> [Dataset content]
═══

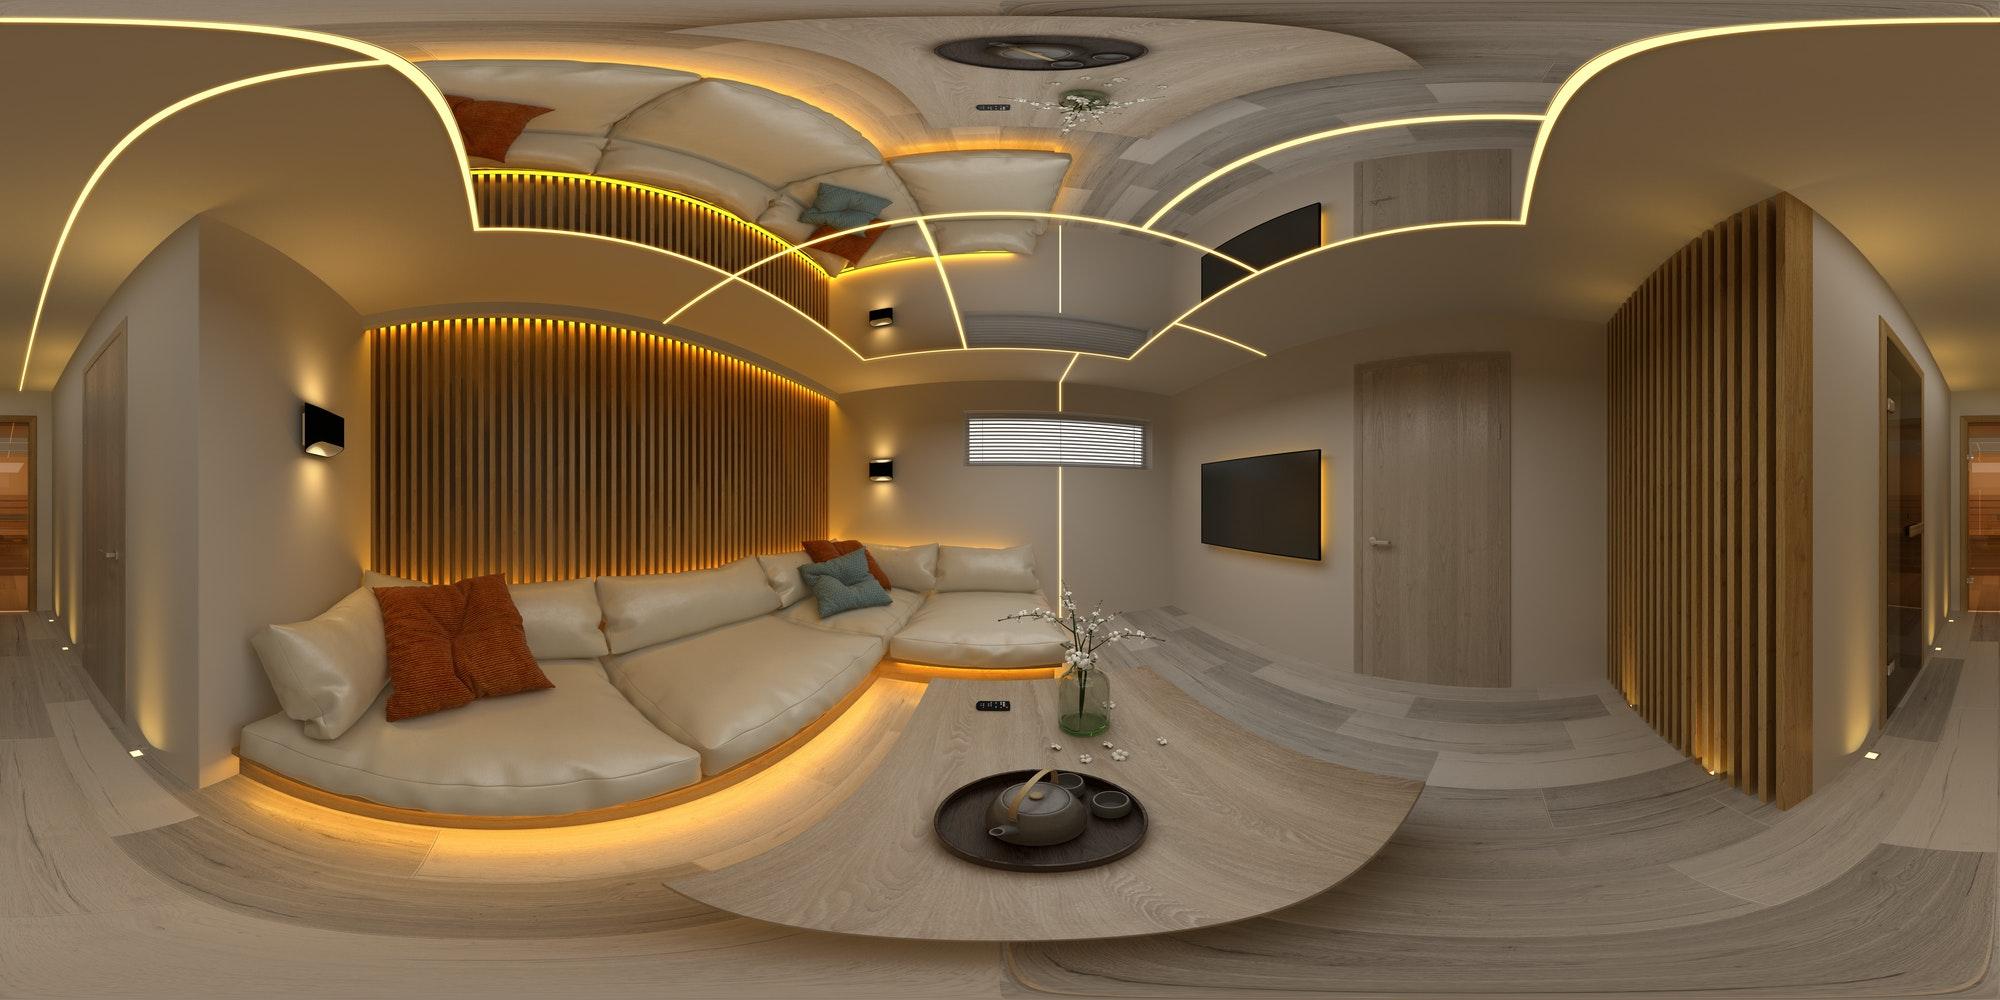 Spherical 360 seamless panorama projection Interior modern design room 3D illustration
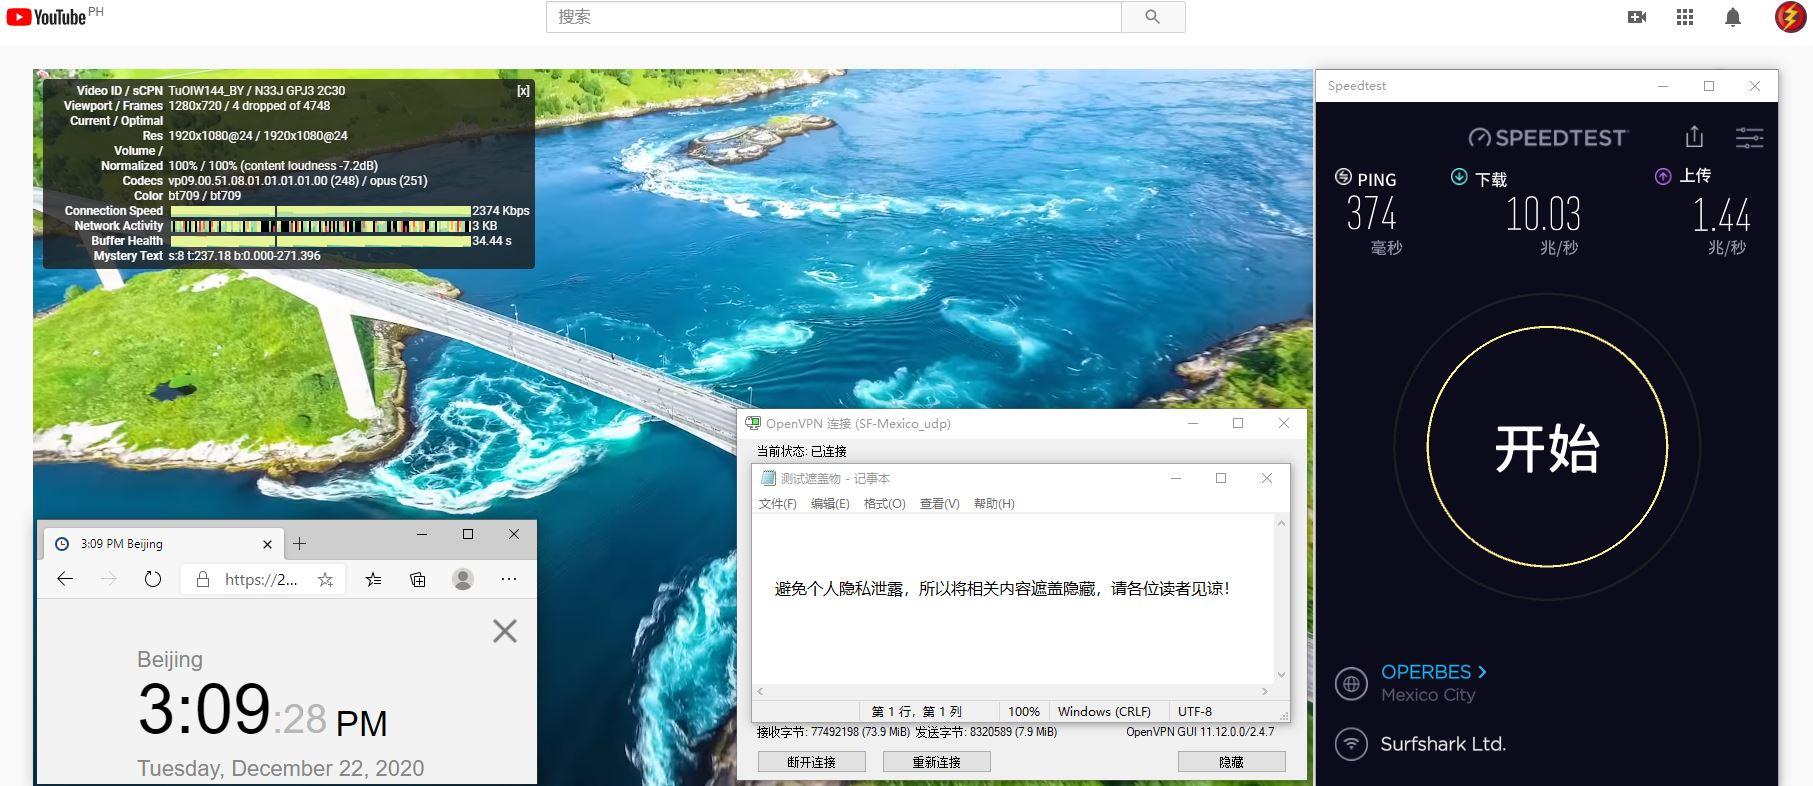 Windows10 SurfsharkVPN Mexico-2 服务器 中国VPN 翻墙 科学上网 测试 - 20201222
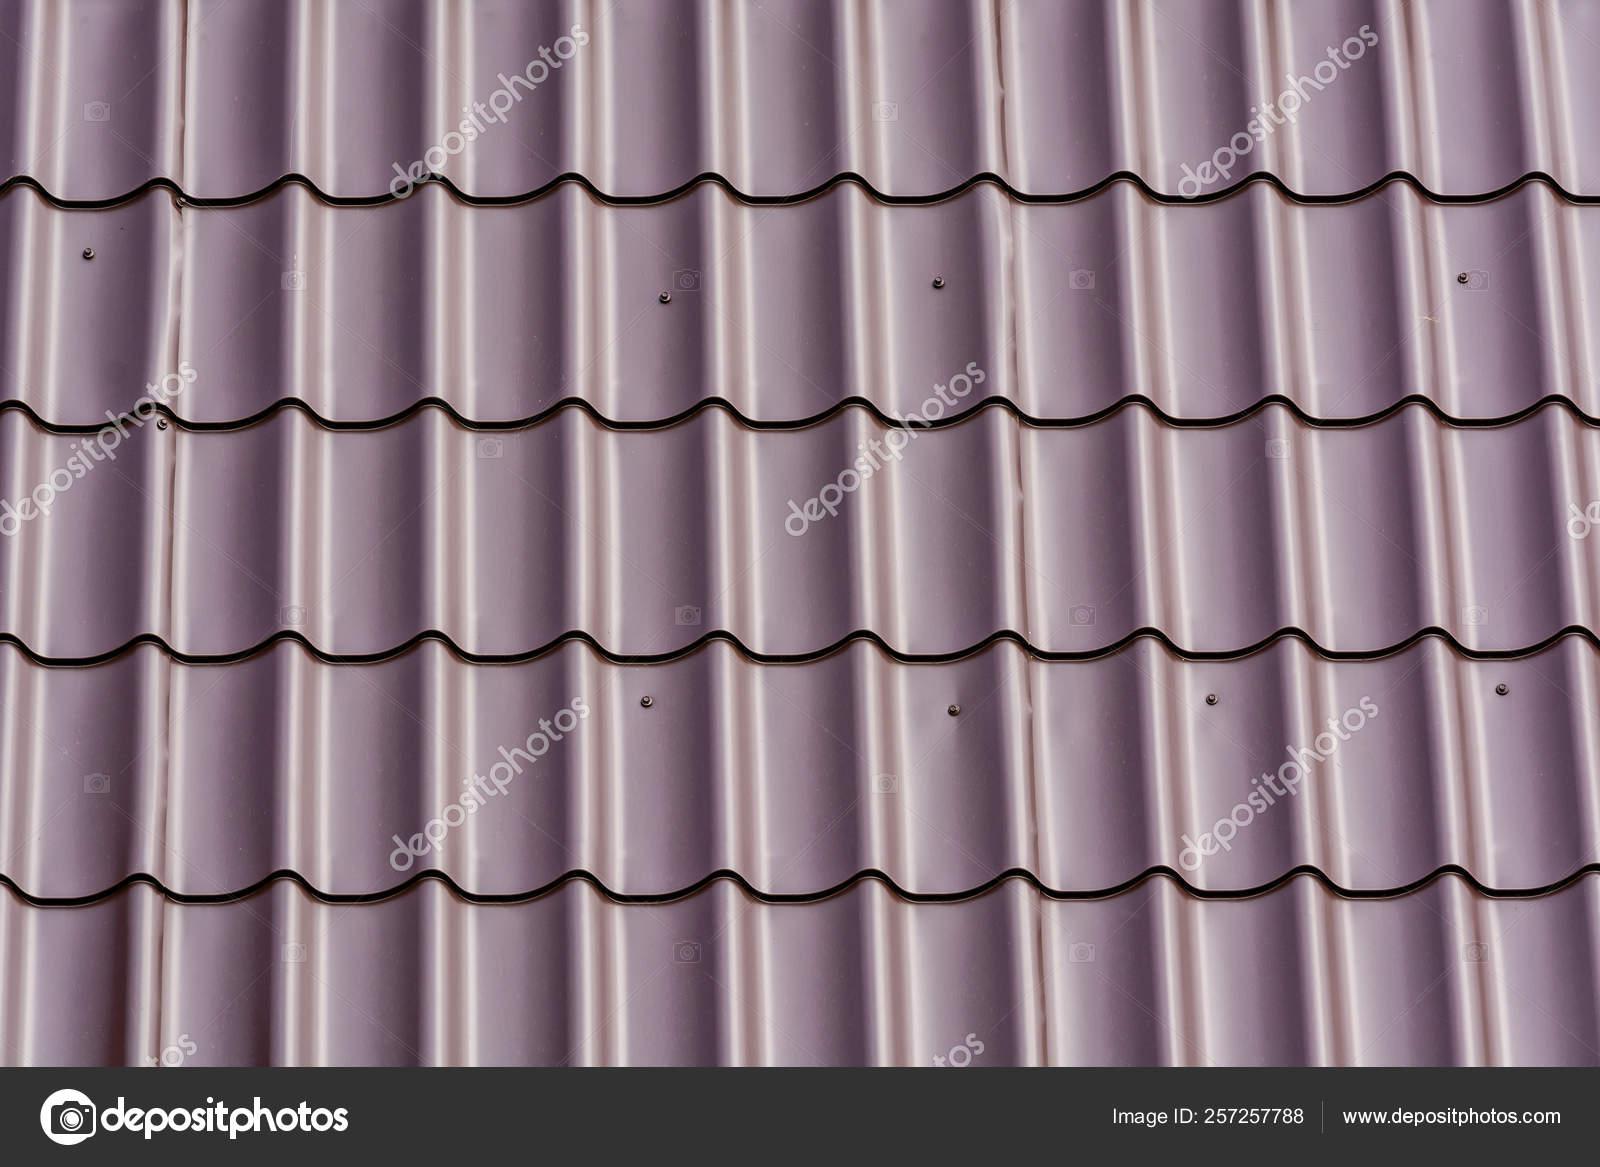 baldosas metal para techo fotografia de stock c tagwaran 257257788 depositphotos

═══

> [Exercise] Write out all the material verbatim, images excluded.

> [Solution for this task]
 Spherical 360 seamless panorama projection Interior modern design room 3D illustration
 Windows10 SurfsharkVPN Mexico-2 服务器 中国VPN 翻墙 科学上网 测试 - 20201222
 baldosas metal para techo fotografia de stock c tagwaran 257257788 depositphotos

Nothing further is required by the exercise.